As part of the reflection towards happiness:

  • What are the 2-3 values you couldn’t live your life without?

    • Then write down how you demonstrate this in your weekly life

  • Who are you close to and would like to be close to or mend your relationships with?

  • What are some of the biggest challenges/transitions you had to make so far in your life and what strengths did you bring to manage those transitions ?

  • And what do you see coming ahead for you in life and how can you use those strength you already have?

“A sad soul can kill you far quicker than a germ “

Being in a chronically stressful relationship can cause breakdowns physically in the body. So how do we discern when to step away and when it can be worked on? There are conflicts in any relationships with any depth and many can be worked out. And working them out can be a source of growth and can often strength the relationship so it’s important to try and work them out where you can. But it takes discernment to determine when it can’t be worked out and you need to leave.

We are often raised to avoid difficult conversations. It’s important to ask yourself is this my idea or someone else’s? Before starting an argument or difficult conversation. To pause and take a long view what do I want with this person in the long term? Do I care if they are around in 6mth, 3years? As you will adjust your response depending on what you want out of that relationship depending on its duration. To try and have no loser and no winner- as that causes disconnection. You won the argument so what? The other person will feel shitty and you still have caused disconnection with them. If you suppress the problem and don’t talk about it you become resentful. Which is not a great alternative either. You want both of you to win in the conversation to preserve the relationship. Take the time to pause before reacting or responding and think what is the most skilful way I can deal with this? Sleep on it and talk when the iron is cool not hot. What feels right right now might not feel right then.

Feedback should be given in 3 key areas to help each other grow:

  • Make someone aware of your standards ie I want a relationship where we are both happy and grow - do we both want this together?

  • Reminding the person you trust and believe they can rise to that standard ie. I know we can do this together.

  • What are we both willing to do to get there ie. Putting things in place to meet the standard and agree.

Social fitness and keeping our relationships in shape?

  • Many people felt in the study they weren’t spending enough time with those that meant something to them ie. actively keep in touch

  • We all need to feel we have some sort of social safety net.

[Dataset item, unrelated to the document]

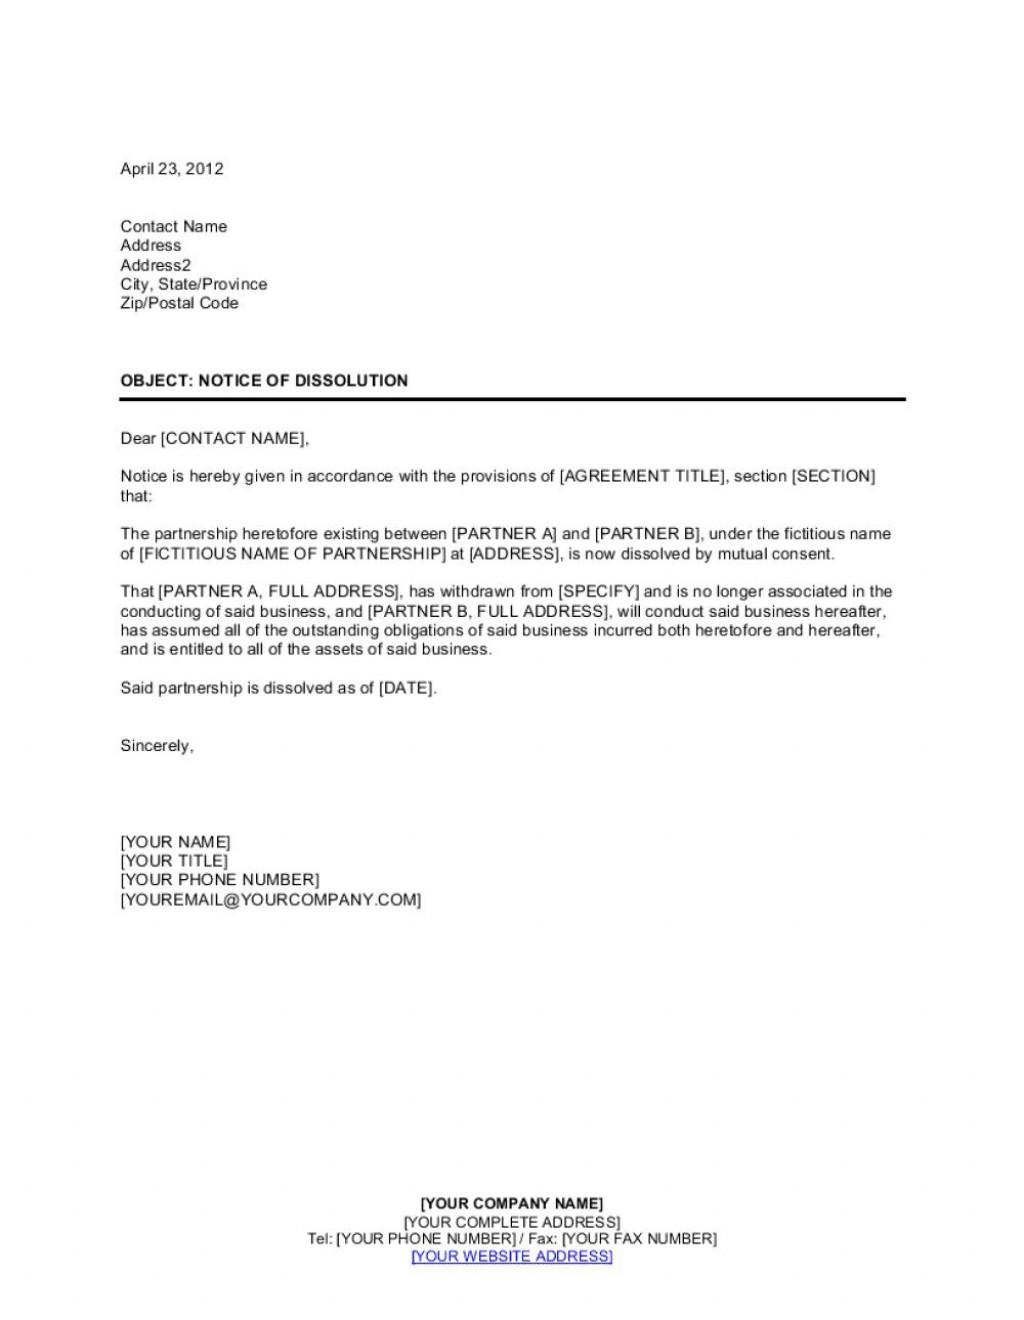 003 Top Busines Partnership Separation Agreement Template Photo  Partner TerminationLarge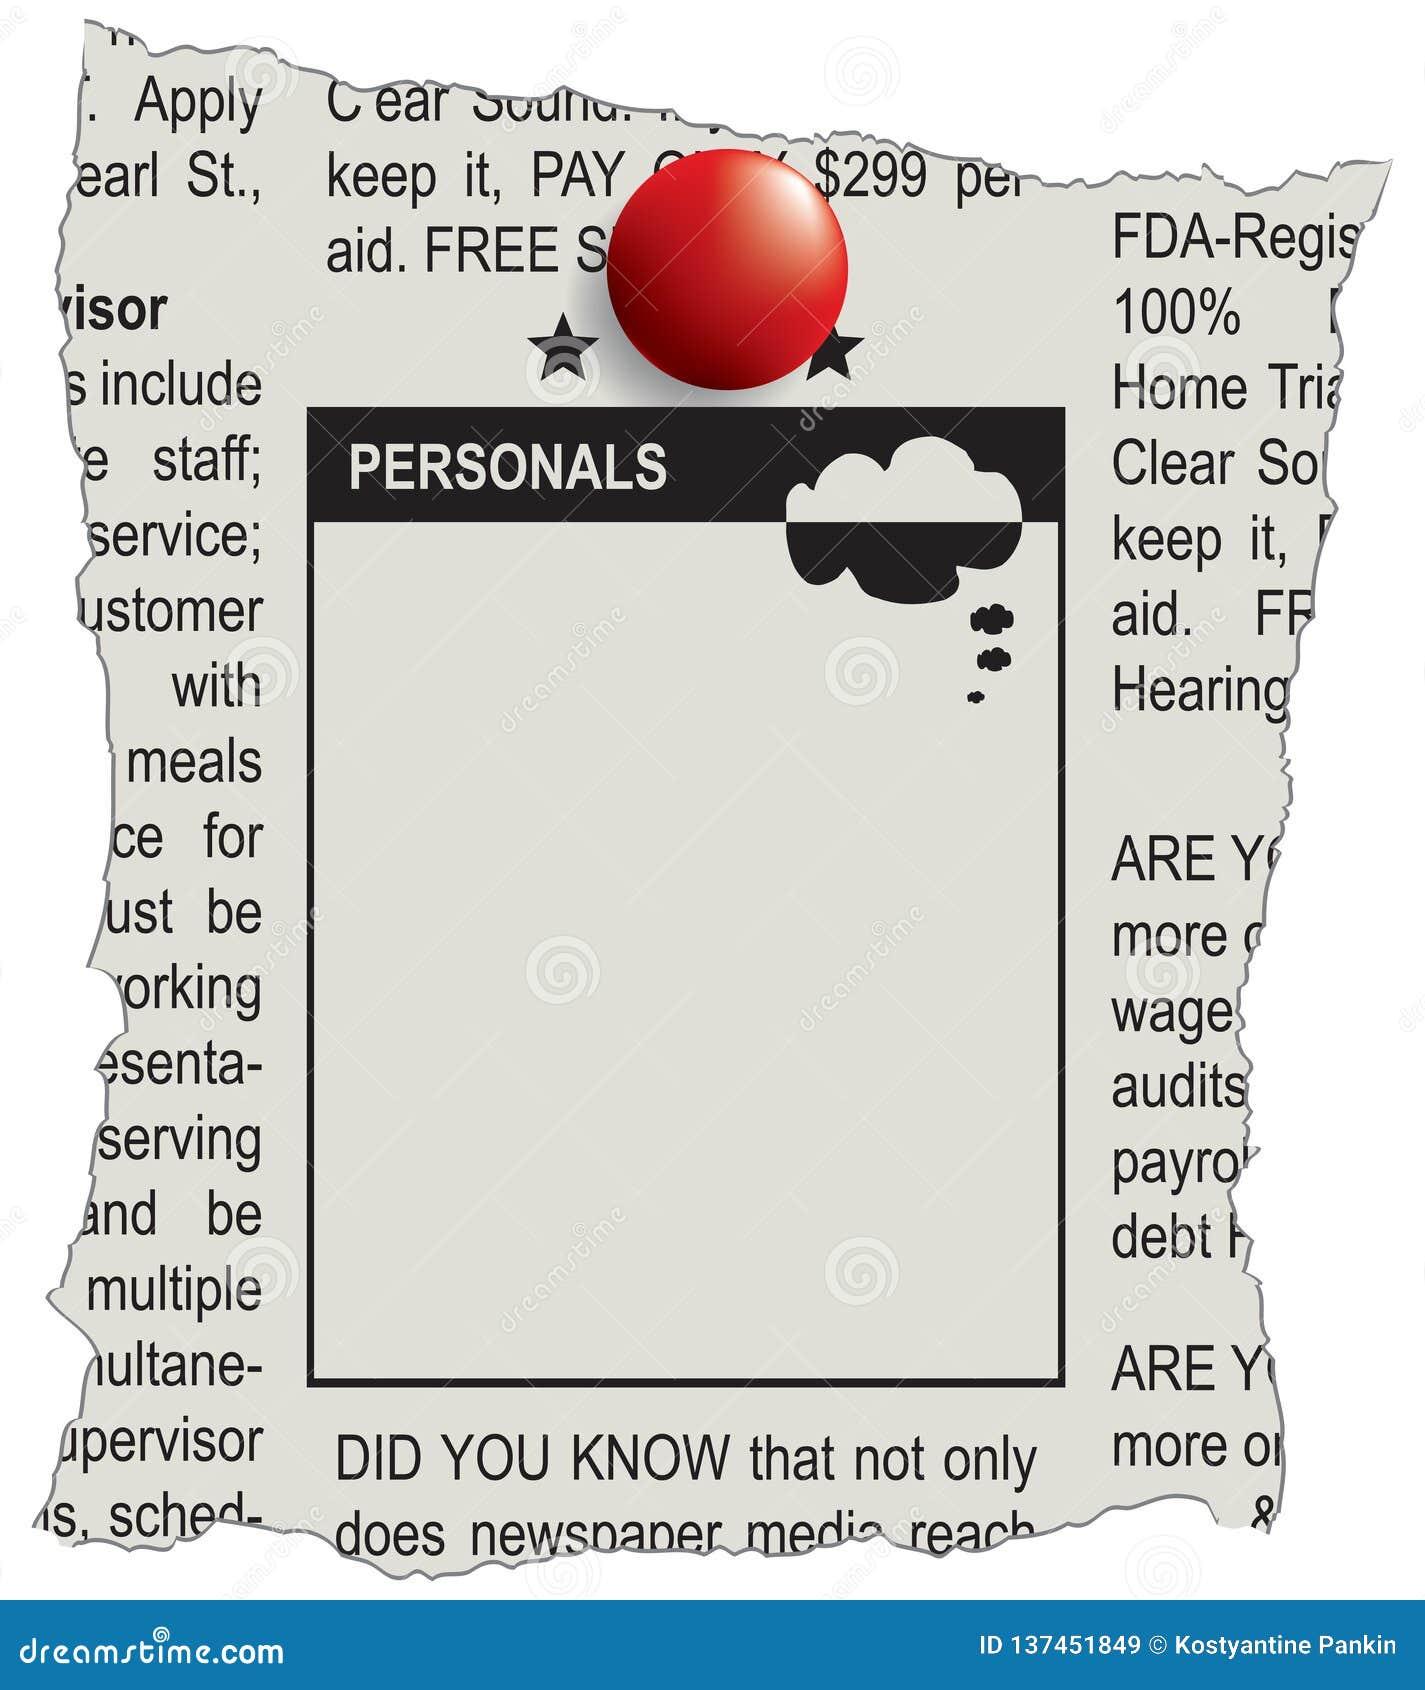 Personals Stock Illustrations – 40 Personals Stock

  • Everyone needs to feel securely attached to other humans even if it’s just one person.

So if you haven’t already it might be time to reflect on the relationships in your life and how you can foster the ones you want and need. And remember no-one on the planet is happy all the time, life is filled with joys and sorrows, ups and down. You are not having a bad life if there is a mixture of boring days and extraordinary ones. Become the surfer and ride the waves knowing it will come up again rather than trying to fight it putting yourself in a position where you are drowning.